Question. Dr. Fauci, what progress have you been able to make through your Asthma and Allergic Disease Centers and Centers for Interdisciplinary Research on Immunologic Disease effort for Asthma and Allergic Diseases?
Answer. During the present year we have begun the process of converting these Centers to Cooperative Agreements in order to enhance our ability to centrally direct and coordinate selected activities. This year we will be concentrating on implementation of asthma education and treatment outreach and demonstration activities in those centers where this does not currently exist. Our hope is that these 16 cooperative research centers will provide the framework for a nationally oriented treatment program for asthma.
Question. Dr. Fauci, last year you told us about your Institute's effort to develop asthma treatment programs for our inner-city children with asthma. What have you accomplished?
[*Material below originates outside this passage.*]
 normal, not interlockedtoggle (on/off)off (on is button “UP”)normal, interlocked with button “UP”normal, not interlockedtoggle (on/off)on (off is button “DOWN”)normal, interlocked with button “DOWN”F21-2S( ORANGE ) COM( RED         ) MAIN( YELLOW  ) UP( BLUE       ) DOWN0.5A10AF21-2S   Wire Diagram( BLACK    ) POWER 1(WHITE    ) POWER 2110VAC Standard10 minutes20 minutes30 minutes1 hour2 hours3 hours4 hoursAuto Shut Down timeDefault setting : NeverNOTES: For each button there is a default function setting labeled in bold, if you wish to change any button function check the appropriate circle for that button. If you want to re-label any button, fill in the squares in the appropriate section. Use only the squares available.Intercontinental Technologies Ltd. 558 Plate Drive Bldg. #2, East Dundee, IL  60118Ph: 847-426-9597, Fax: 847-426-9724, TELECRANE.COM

Answer. I am pleased to report that in February 1991 we announced the awarding of eight grants to fund the National Cooperative Inner-City Asthma Study. The awards were made to eight universities in Detroit, Cleveland, Chicago, St. Louis, Washington, D.C, Baltimore and two in New York City and is to be conducted over a four-year period. The goal of the study is to reduce recurrent asthmatic episodes and asthma-related deaths among Black and Hispanic children living in the inner city. In the initial months of this study, investigators will be collecting information relevant to developing a common treatment protocol which will be implemented during the subsequent months. We hope this will provide a meaningful and uniform approach to the treatment of our adolescent children with asthma.
Question. Dr. Fauci, what progress have you made in the treatment of asthma?
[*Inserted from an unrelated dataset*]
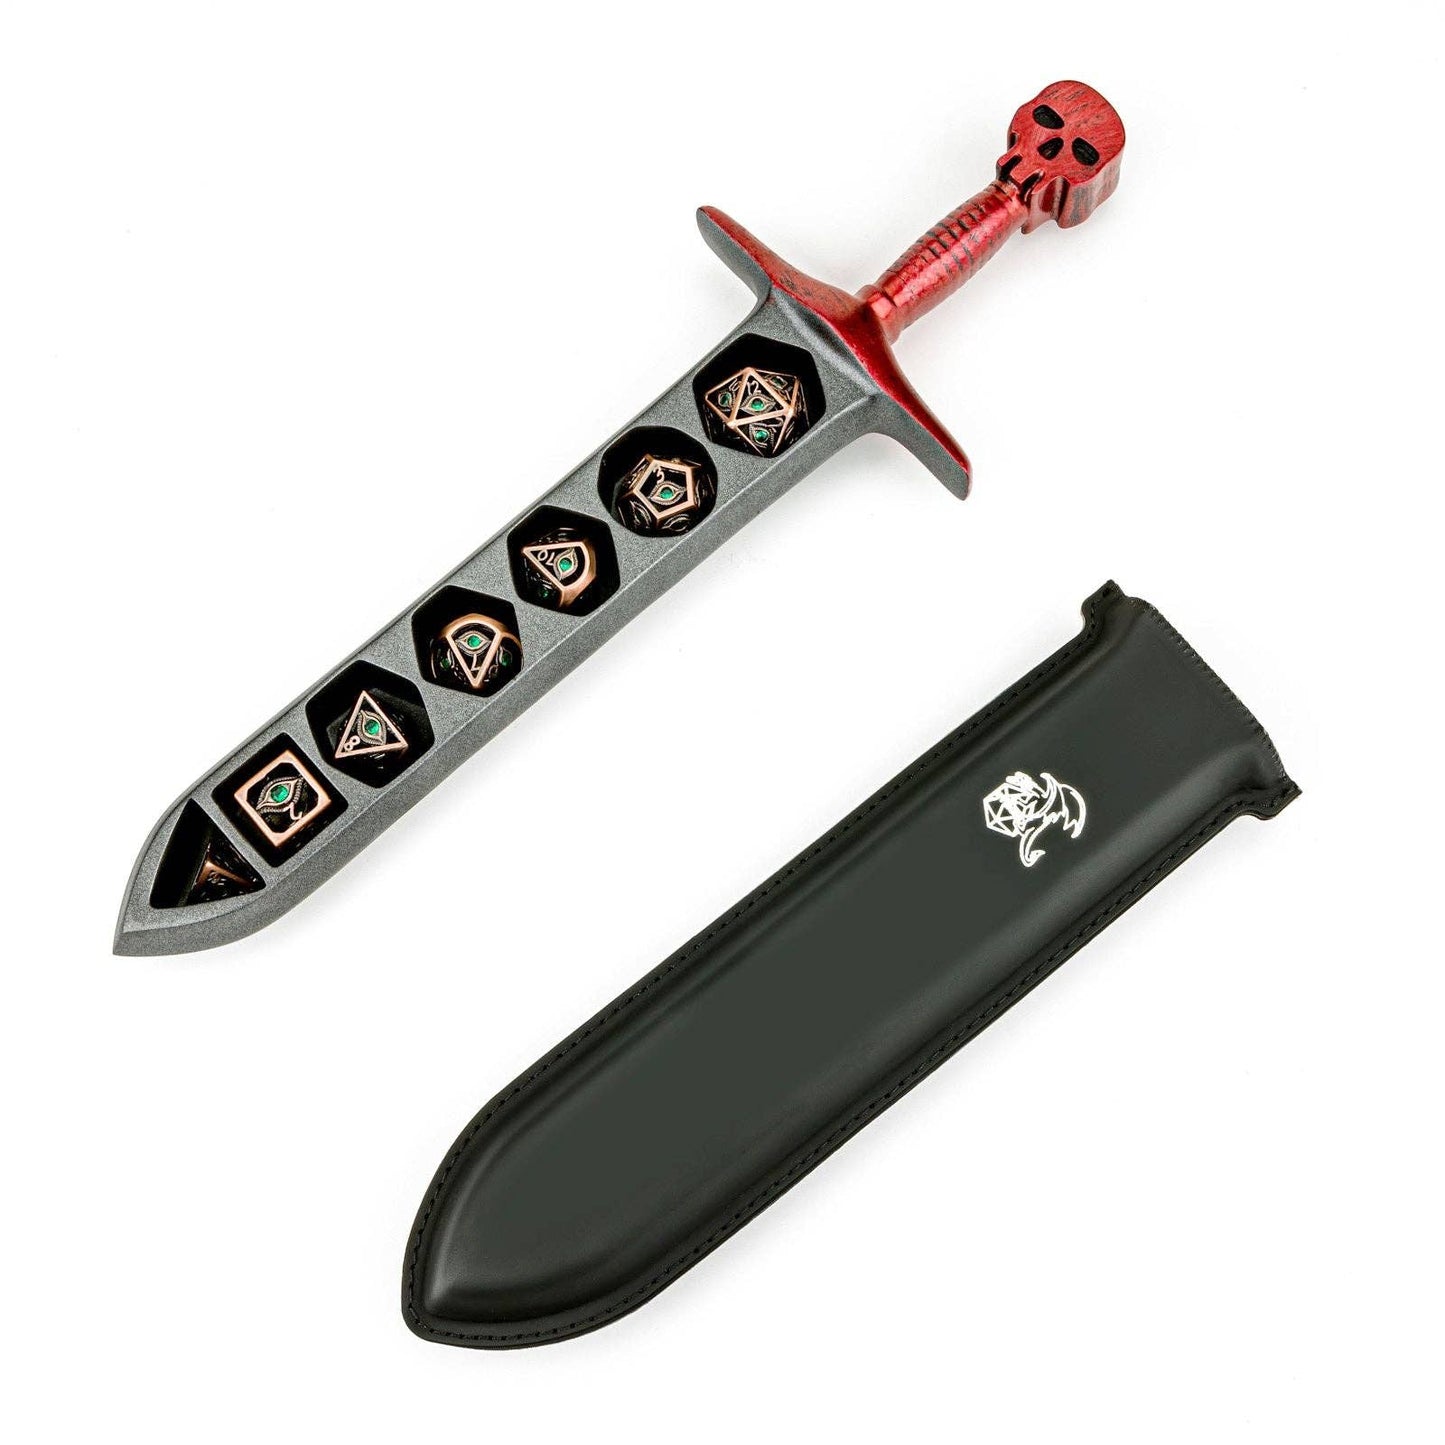 Hymgho Grim Dagger Dice Case with sheath cover - Red

Answer. During the past two years we have been collaborating closely with the NHLBI to develop guidelines for the treatment of asthma under their National Asthma Education Program. As this information is disseminated to the health care community at large, it should provide an important link in insuring that modern treatment of asthma reaches each and every person in the United States.
Question. Dr. Fauci, for several years we have been concerned about environmental pollution and its role in causing/contributing to asthma and allergic disease. Do you have any progress to report?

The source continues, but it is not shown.